WORK REQUIRED: Could you give the listing again exactly, without its pictures?

INPUT DATA:
↓

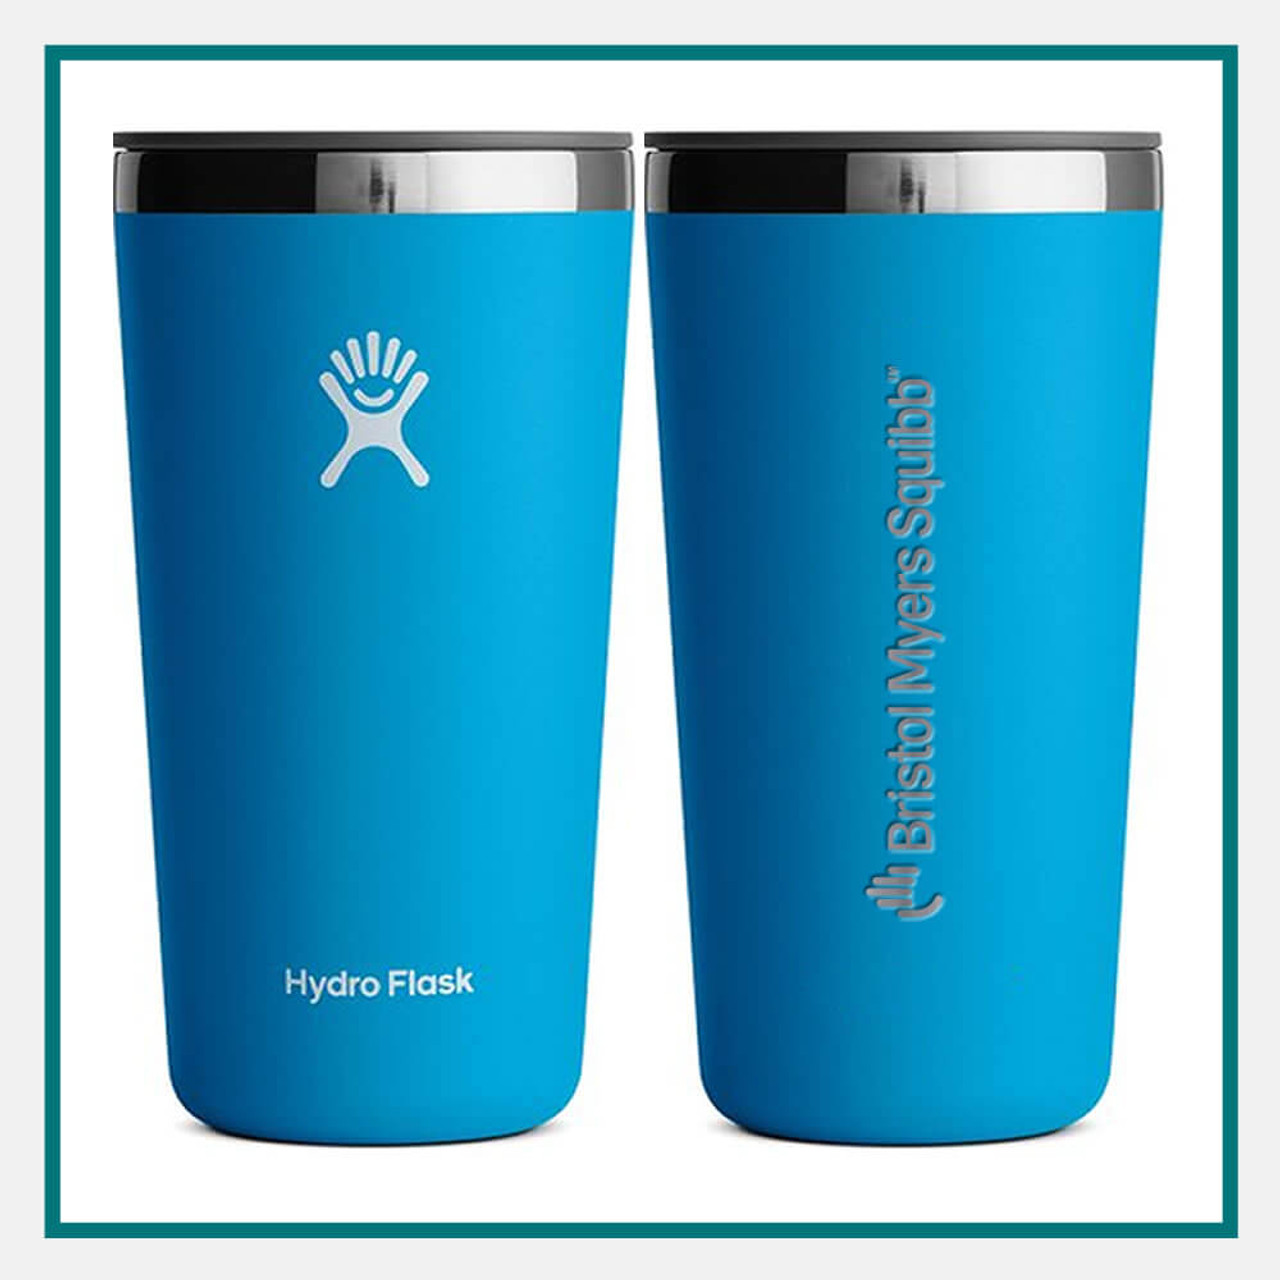 Hydro Flask 16 oz All Around Tumbler - Indigo
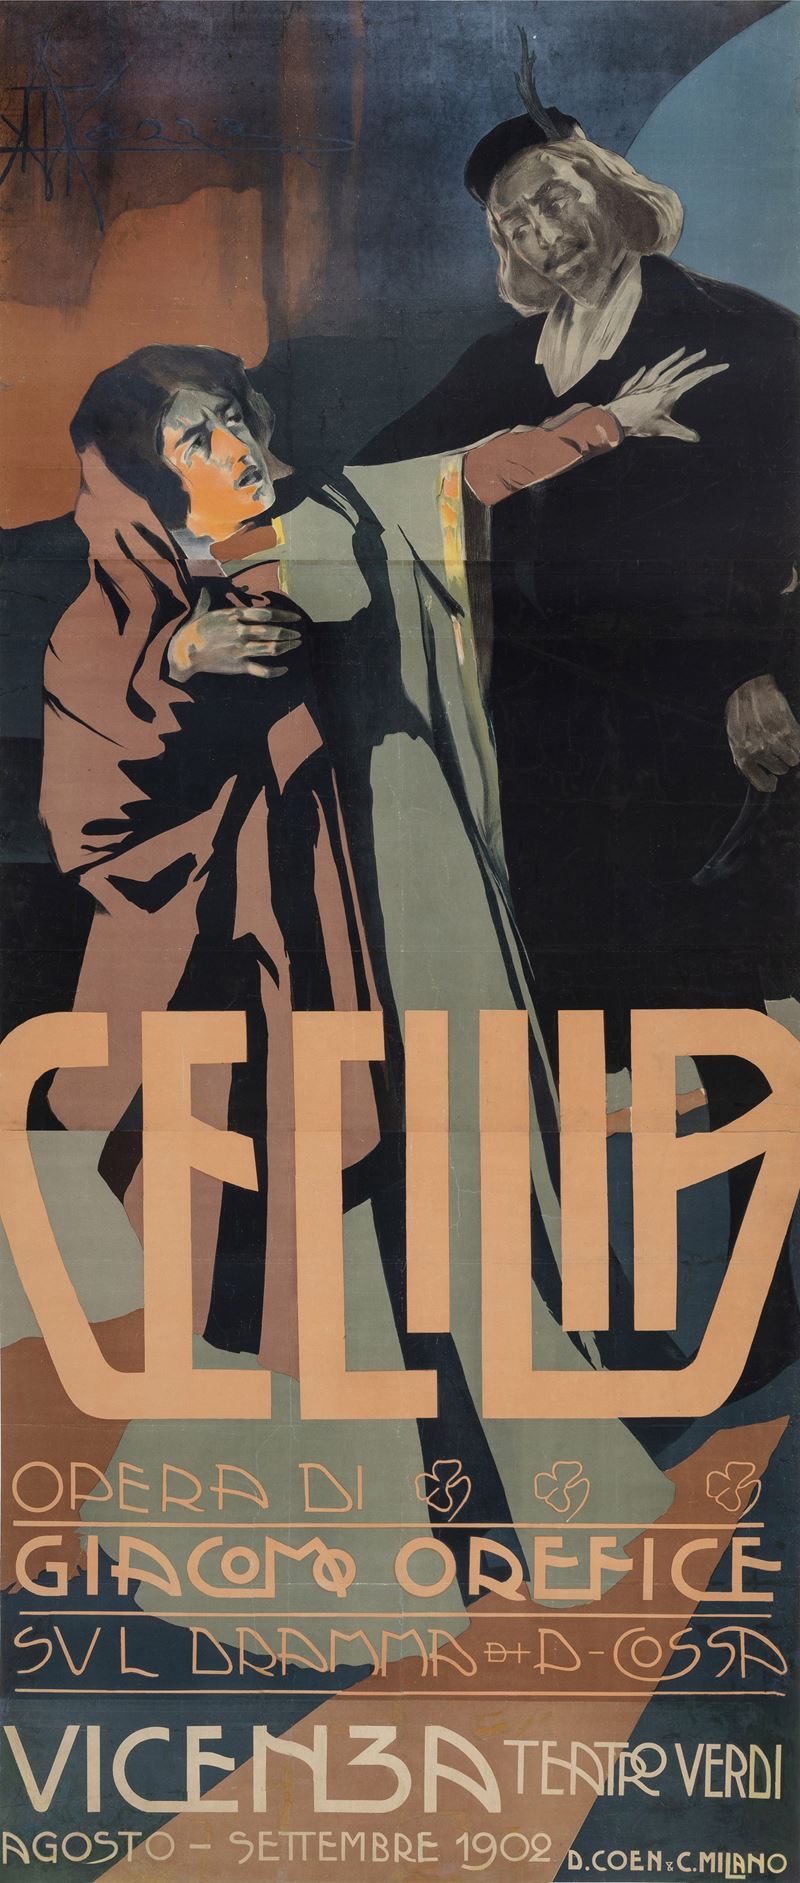 Aldo Mazza : Cecilia, Opera di Giacomo Orefice - Vicenza Teatro Verdi  - Auction Vintage Posters - Cambi Casa d'Aste
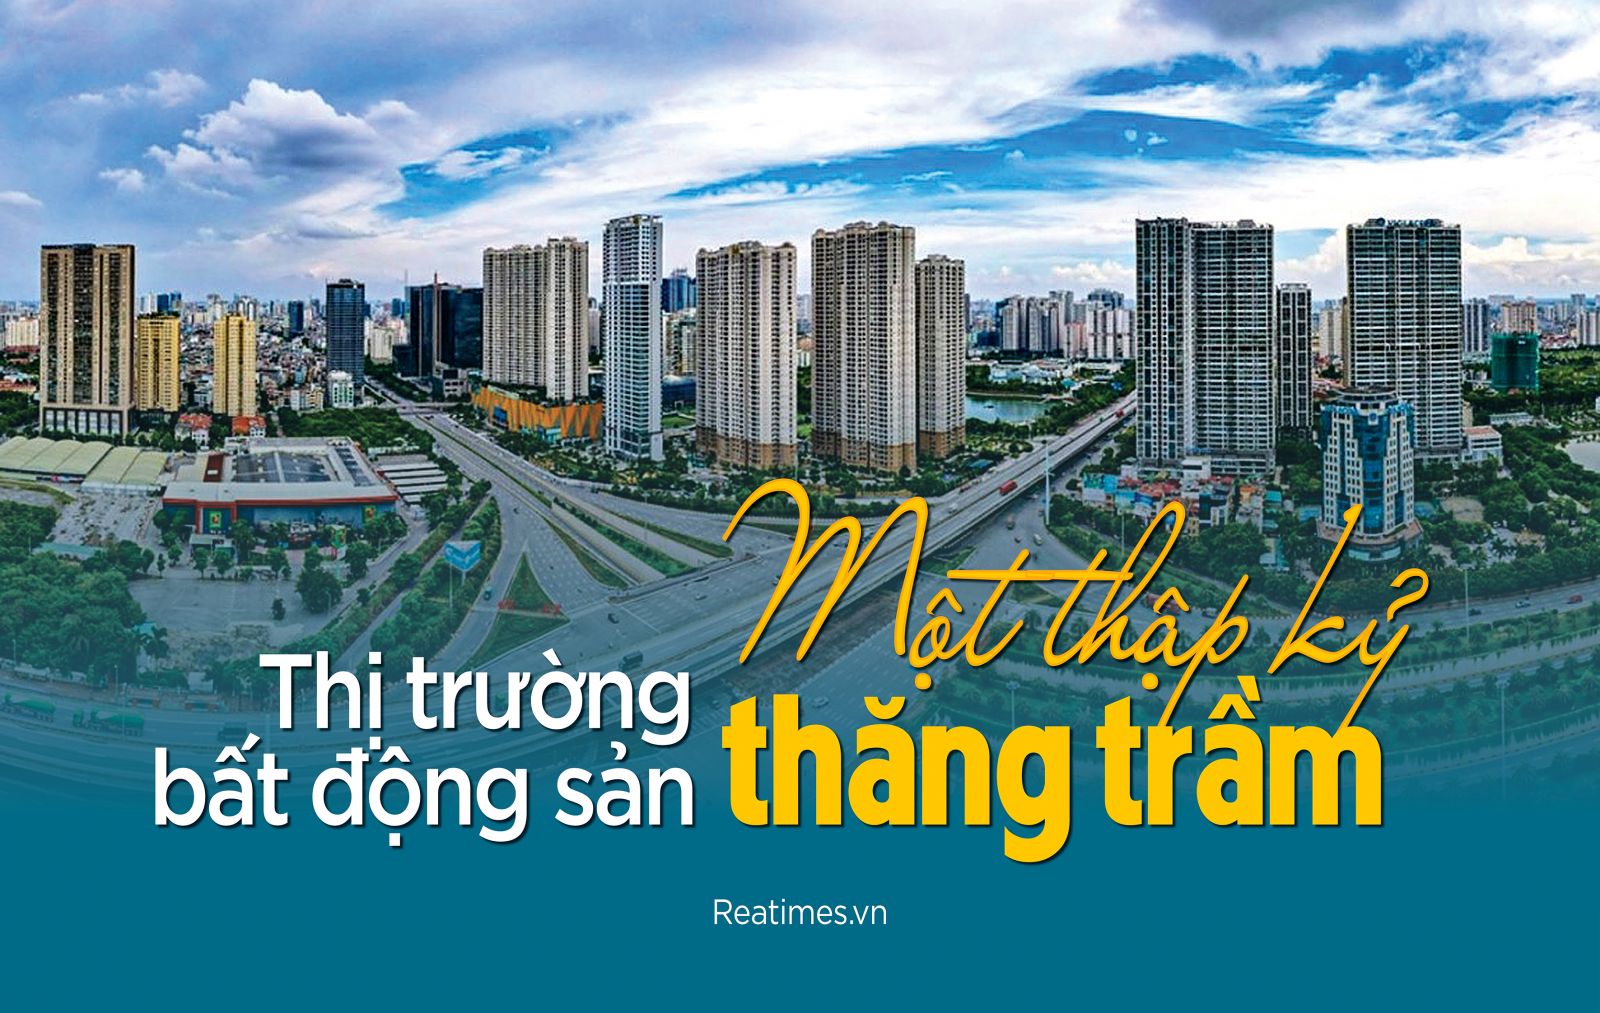 Thị trường bất động sản Việt Nam – 10 năm nhìn lại và tương lai một chu kỳ mới
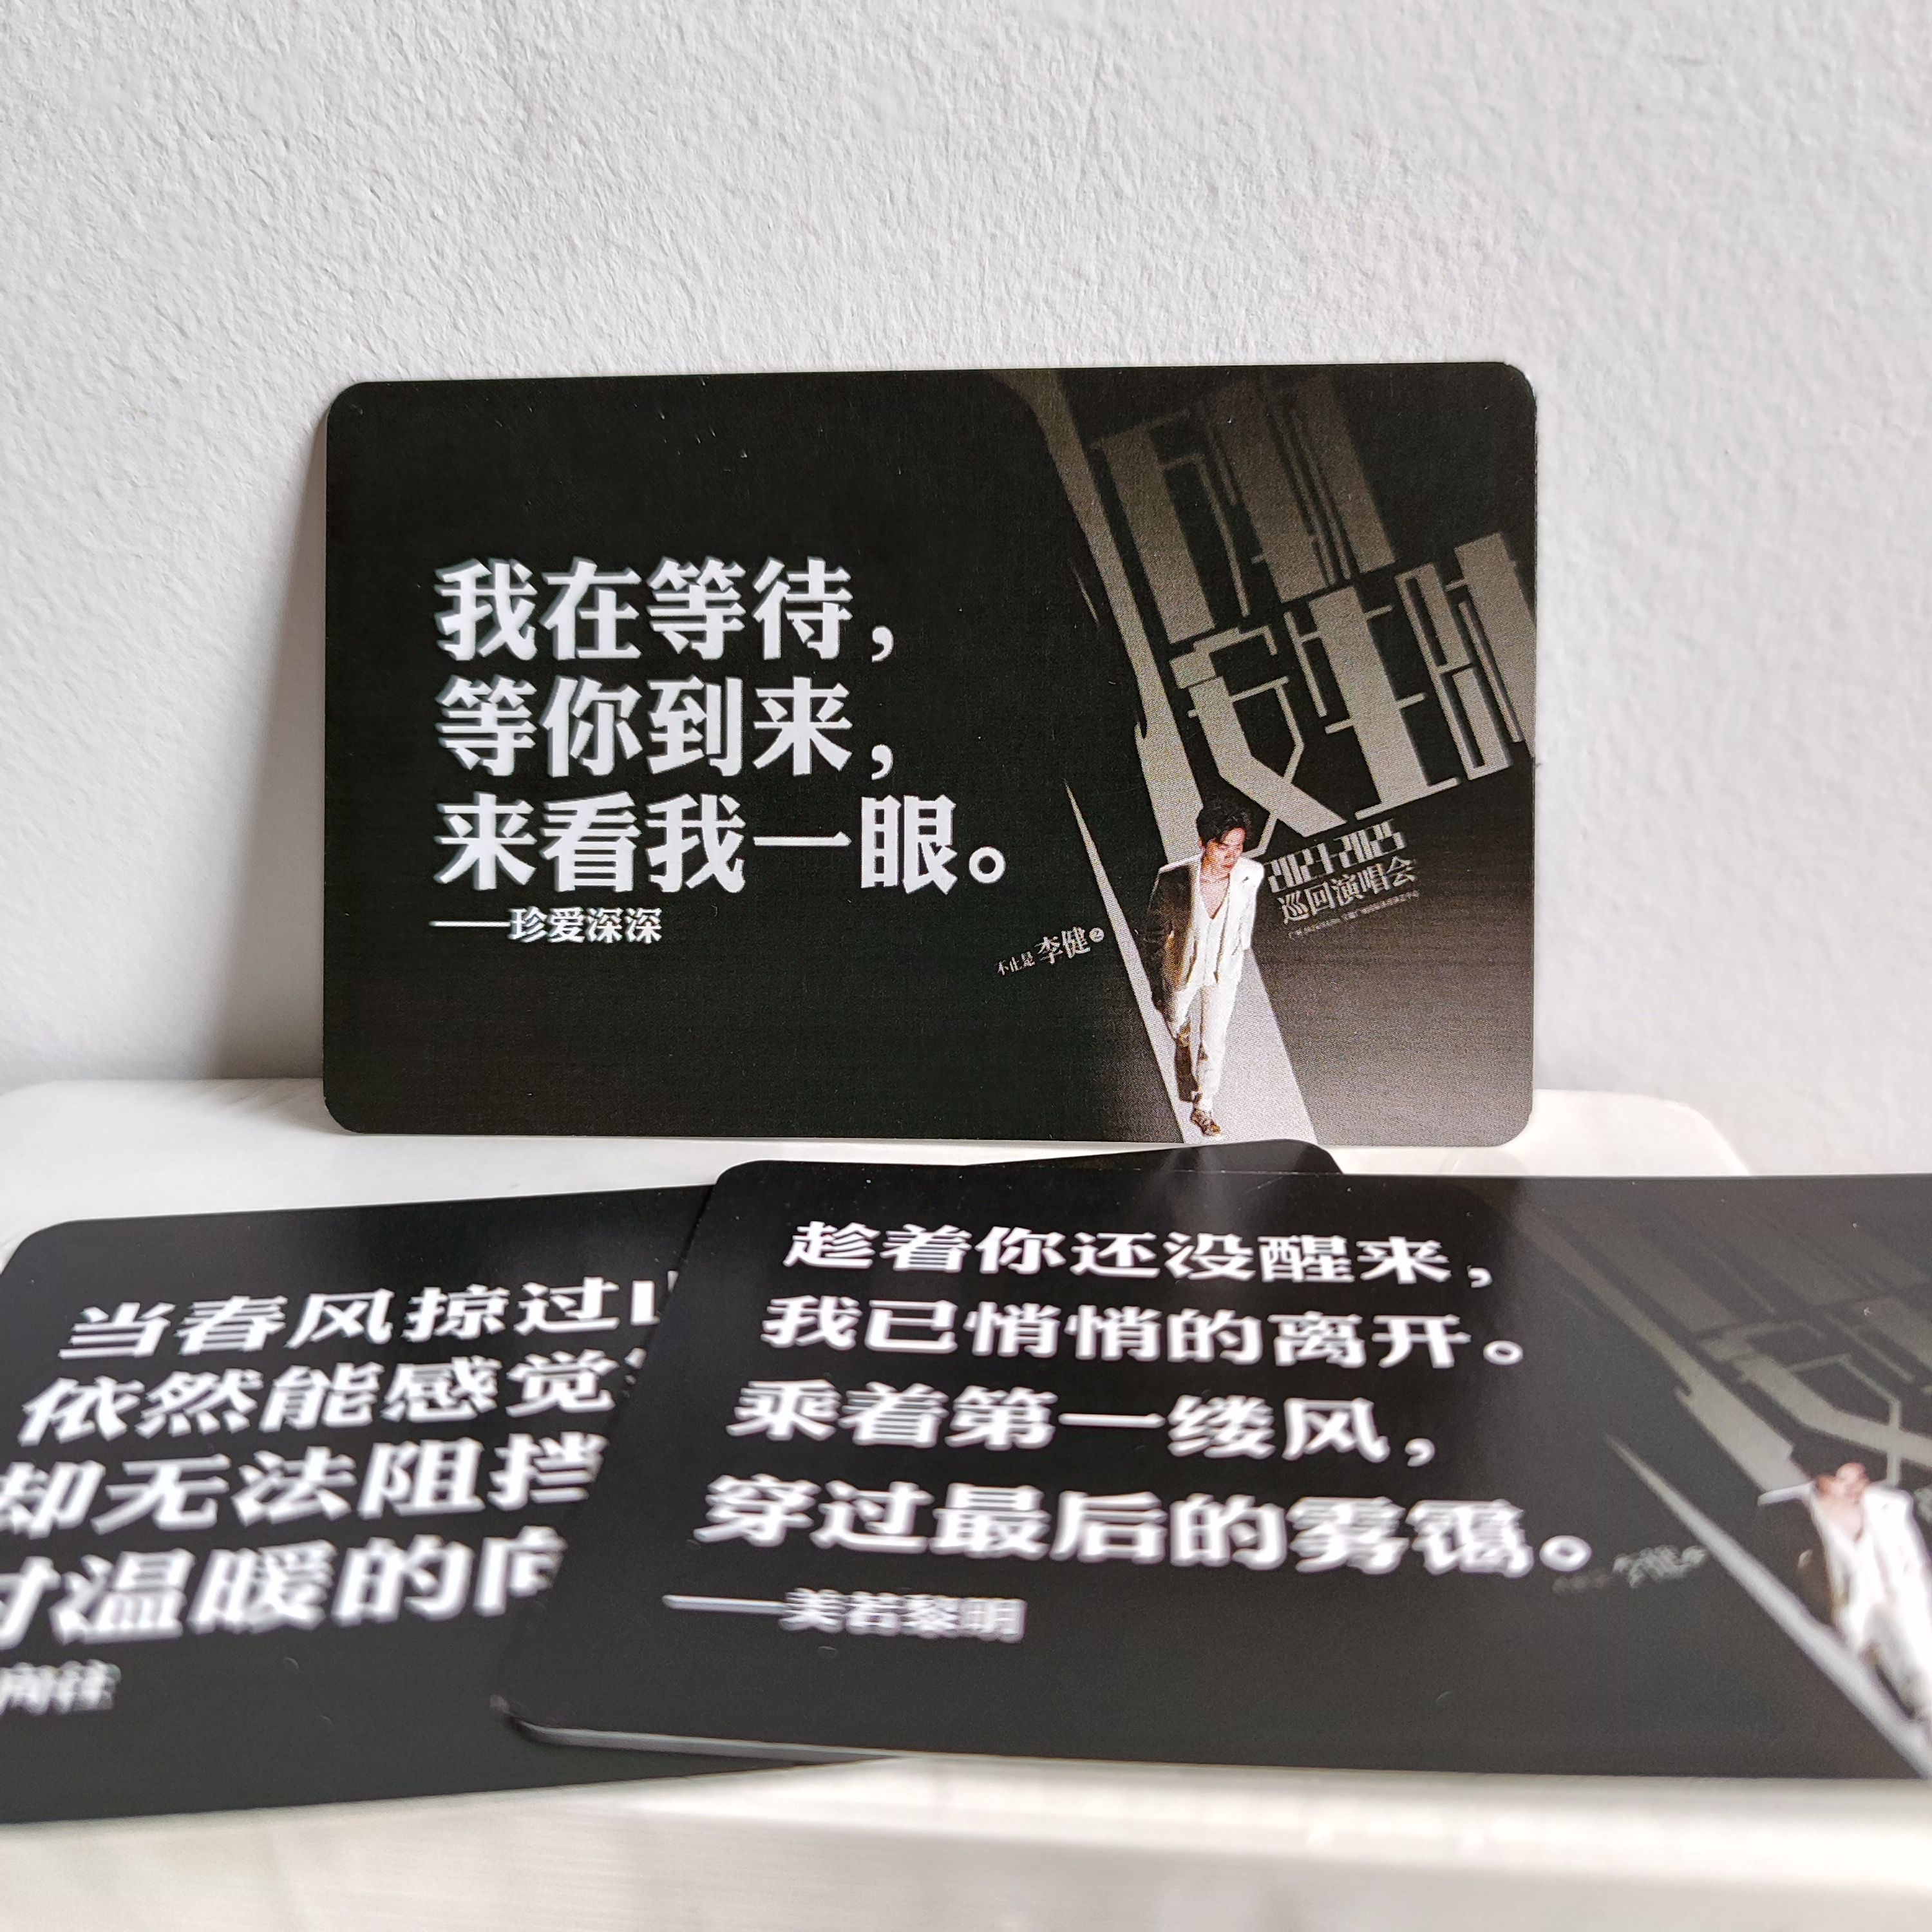 歌手李健演唱会应援周边小卡片30枚万物安生时创意文字歌词纪念品

↑

THE COMPLETED TASK:
 Hydro Flask 16 oz All Around Tumbler - Indigo
 Aldo Mazza : Cecilia, Opera di Giacomo Orefice - Vicenza Teatro Verdi  - Auction Vintage Posters - Cambi Casa d'Aste
 Thị trường bất động sản Việt Nam – 10 năm nhìn lại và tương lai một chu kỳ mới
 歌手李健演唱会应援周边小卡片30枚万物安生时创意文字歌词纪念品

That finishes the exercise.